This software leads to:
- A complete sets of topics added instantly;
- A vast Leader Library, puts hundreds of standard HAZOP deviations;
- Add own custom topics to any section, to the library, or to the project template that
can be created;
- Copy, reorder, and renumber topics.
The record will be made during the session using laptop, and will be projected onto a
suitable screen so that all team members can see inputs to the record as it is produced.
4.5 HAZOP NODES
In order to perform the analysis and focus the team’s attention on a specific area, the
different process systems will be divided into a convenient number of discrete nodes. Each
node represents a section of the system that can be composed by one or more items with
homogeneous characteristics in terms of pressure, temperature or service. A new node
starts when main process parameters change or isolation is present.
4.6 HAZOP TEAM
The HAZOP shall be carried out by a multidisciplinary team to ensure all aspects of the plant
and its operations are covered. The team member’s specialists include process design,
instrumentation and control, mechanical engineering, safety and operation.
The chairman has to:
Select the team’s members
Plan and prepare the study,
Chair the HAZOP meetings: Trigger the discussion using guidewords and parameters,
Follow up progress, Ensure completeness of the analysis.

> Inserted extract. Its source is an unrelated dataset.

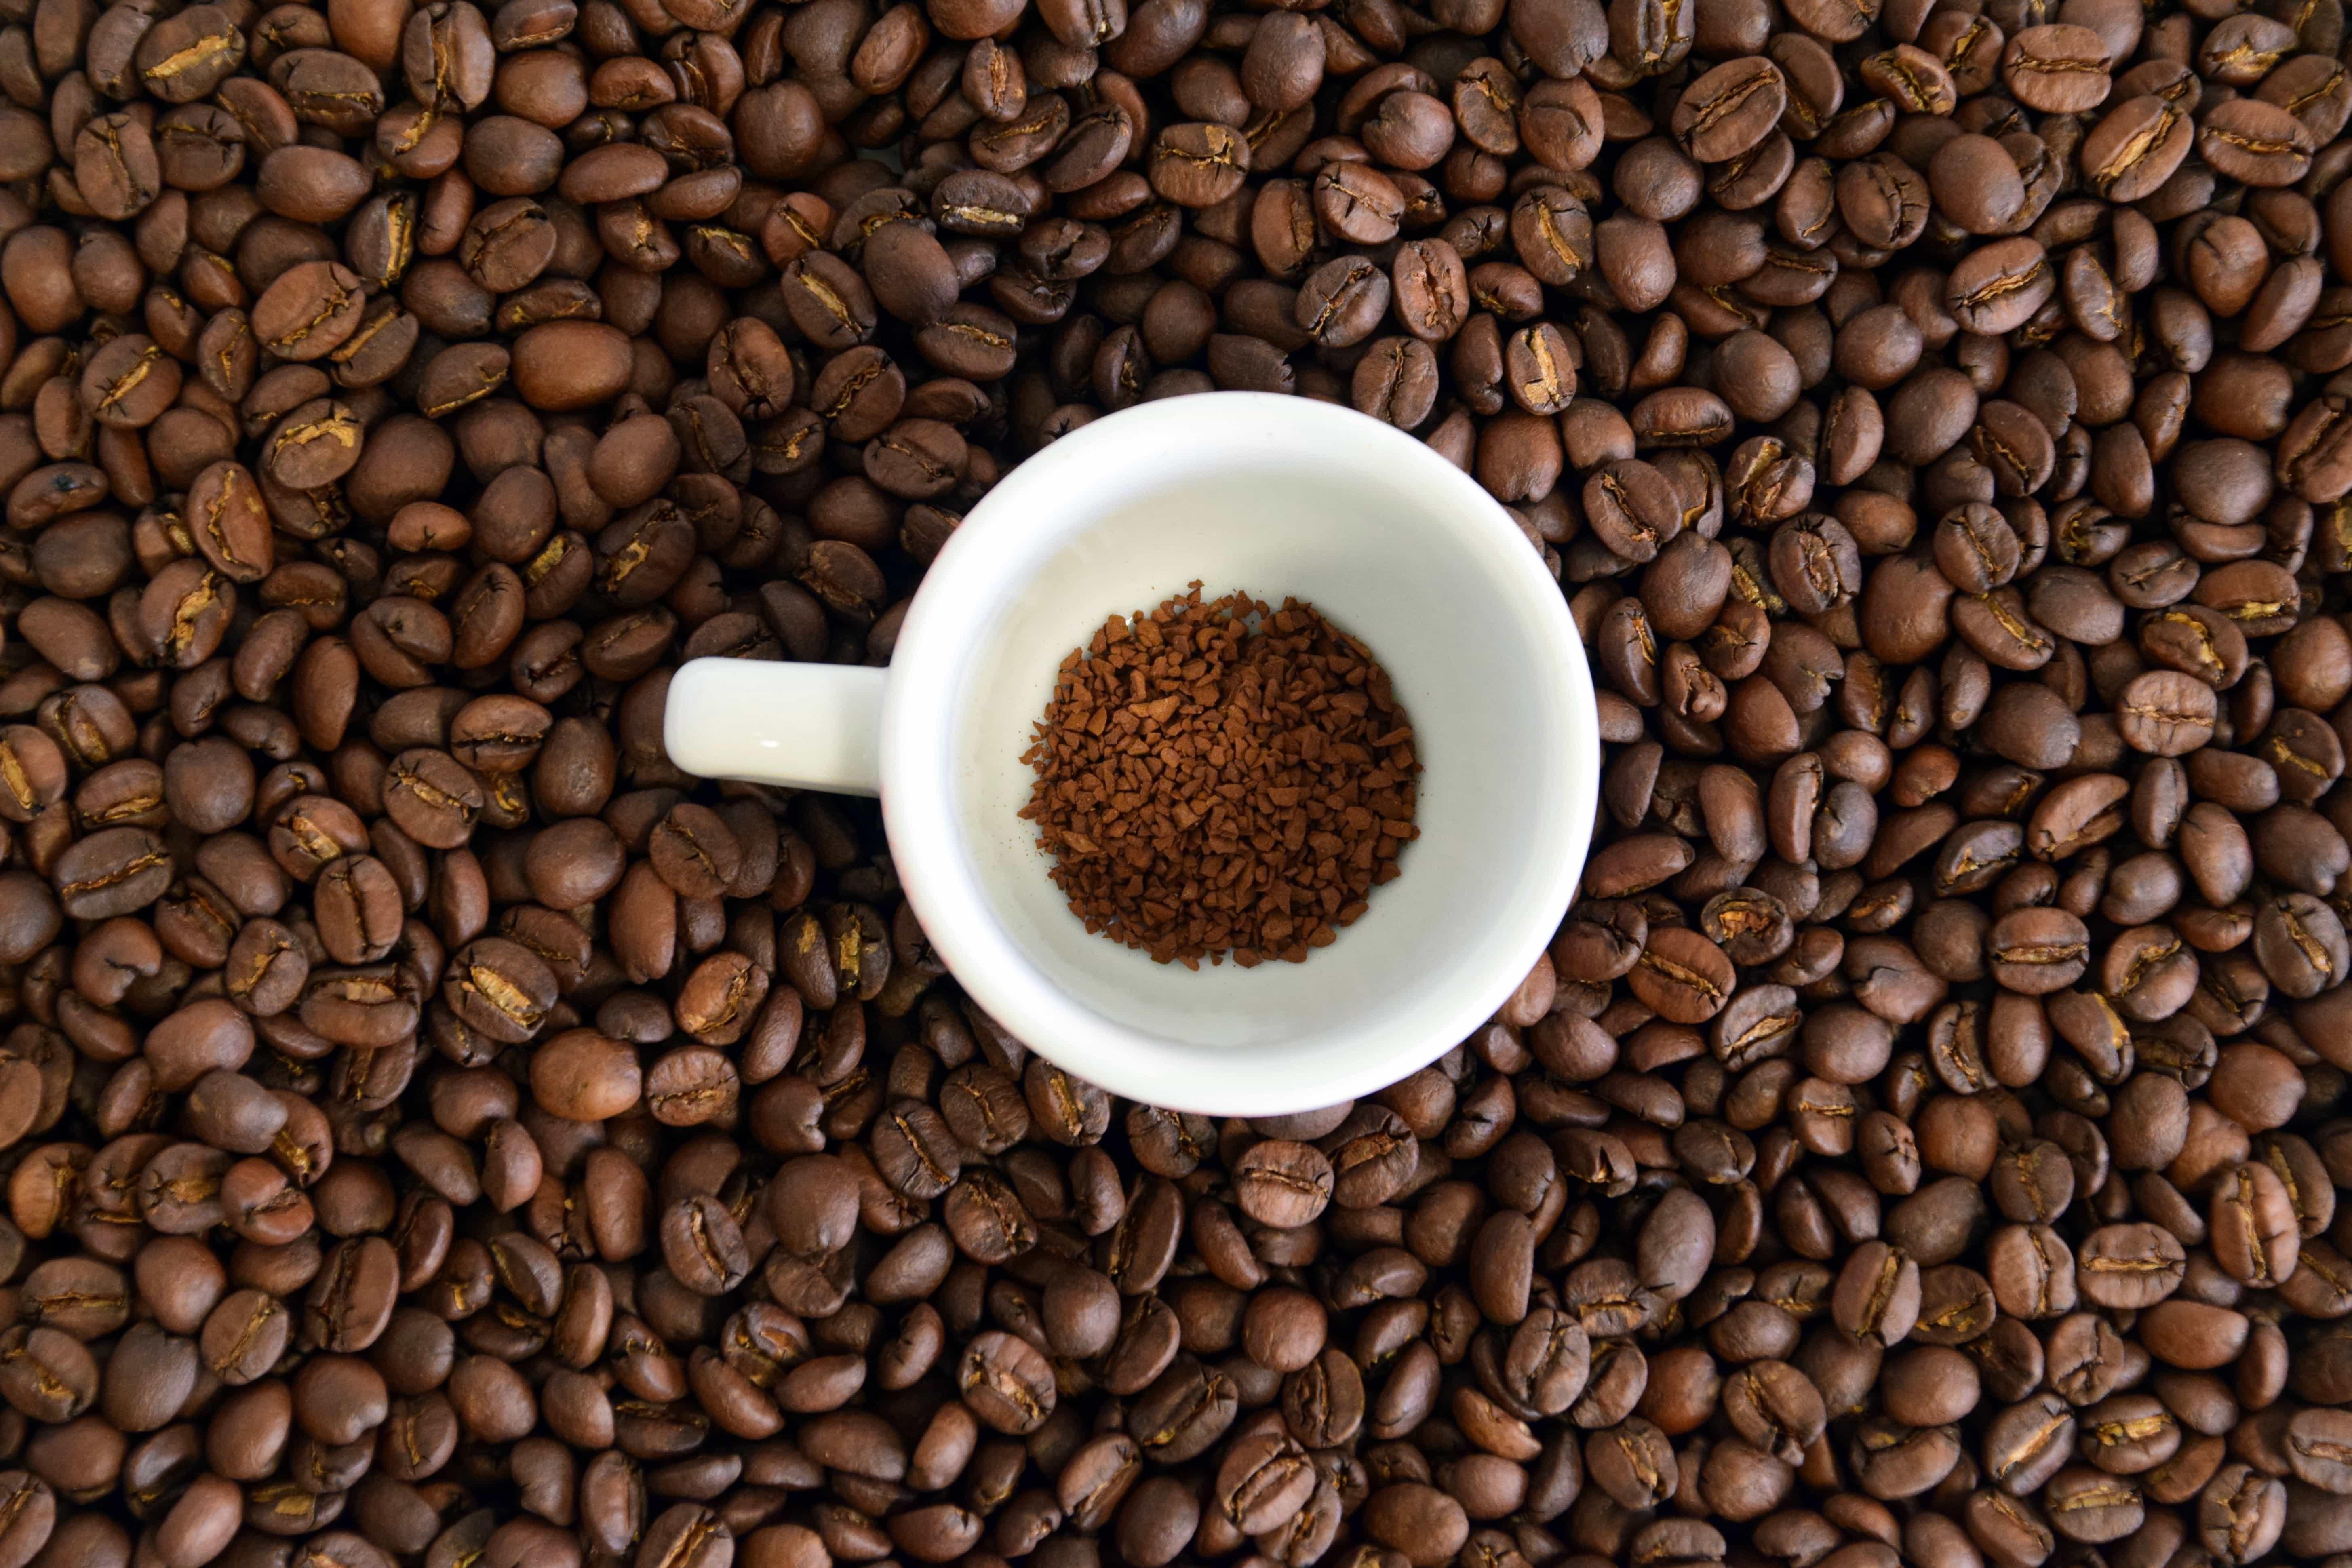 Kostenlose Bild: Koffein, Bohnen, Kaffee, Tasse, trinken, Cappuccino ...

The team will include a nominated scribe, responsible for recording discussion and findings.
4.7 HAZOP FOLLOW UP
The HAZOP Actions Coordinator will be responsible for ensuring the Action Items are
forwarded to the parties responsible for action implementation, and for recording the status
of the actions.
The relevant discipline specialists should close-out the addressed actions, indicating the
resolution and providing references and evidence of implementation. The action sheet
completed with close-out information shall be returned to the HAZOP Actions Coordinator.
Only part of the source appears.